Read A Cruel Season for Dying Online
Authors: Harker Moore
“Anytime.” He made the word an obvious invitation.
Geoffrey Westlake smiled back and killed the remainder of his drink.
“Gad-ri-el.” He spoke the syllables separately and distinctly, gathering his focus. It still amazed him how vibrations made
in air could so nearly capture essence. But his name had been the first thing to come back to him that night, when the world
had cracked like an egg. And he had remembered.
“Gadriel.” For a moment the grief and the loneliness he had felt that night returned, and he was there again, trapped within
the blackness of the tunnel. He pushed away the despair. “Gadriel.” His name three times spoken, transforming him, grounding
him in the present reality of black ceramic tile and gleaming fixtures.
He looked around the bathroom. The sublet was as posh as Westlake had bragged, the bath as large as some entire city apartments.
He sat down on the sleek toilet and took off his cap and shoes. Grabbed a towel from the warming rack and spread it out over
the floor. Standing in its center, he removed the rest of his clothes, rolling them into tight tubes that he stuffed into
the camera bag along with his other things.
He turned toward his image in the mirrored wall, the reflection of his human shell at once alien and familiar. Tall and naturally
thin, he would appear ectomorphic to anyone seeing him with clothes. Actually, he was well muscled and fit again after the
long months of rehabilitation. Before going out tonight, he had once again shaved his armpits, chest, and pubis. And standing
completely still, his nude body in its leather harness seemed as perfect and white as marble against the backdrop of black
tile.
He walked closer to the glass, running his hands over the hair he had lacquered against his skull.

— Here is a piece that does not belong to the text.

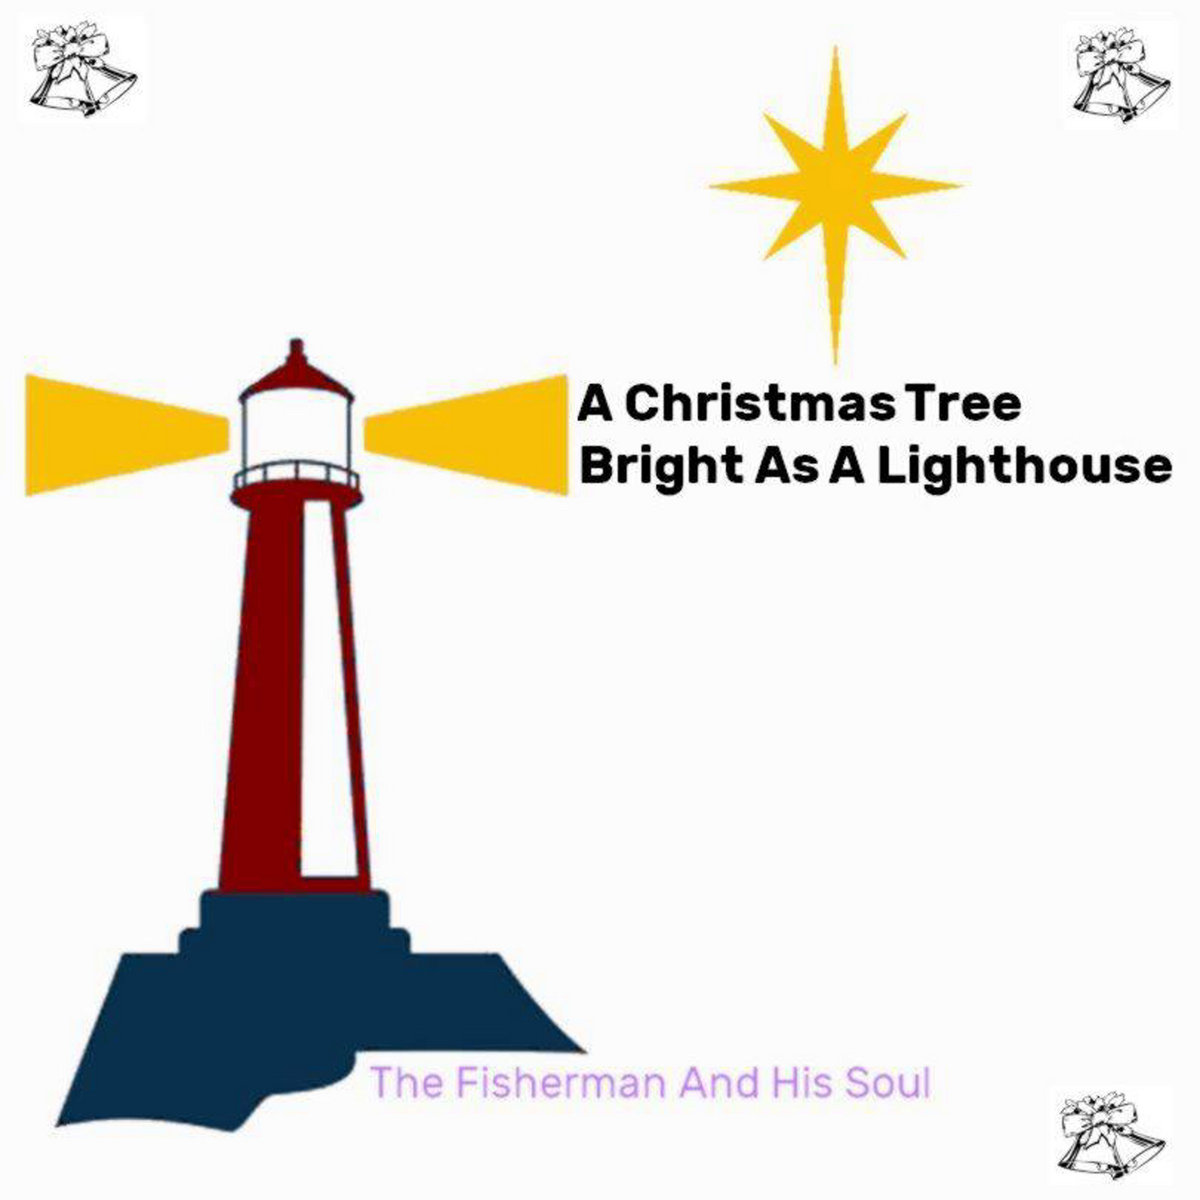 The Fisherman and his Soul - A Christmas Tree Bright as a Lighthouse

Light streamed through
his pores, nearly obscuring his features.
“Trick or treat.” Westlake’s amused voice came from the other side of the door. “I’ve got your drink out here.”
He said nothing. But stepped aside, and carefully picking up the towel like an inverted tent, he shook out over the bowl any
fibers that might have come from his clothes. He flushed, watching the water spiral down.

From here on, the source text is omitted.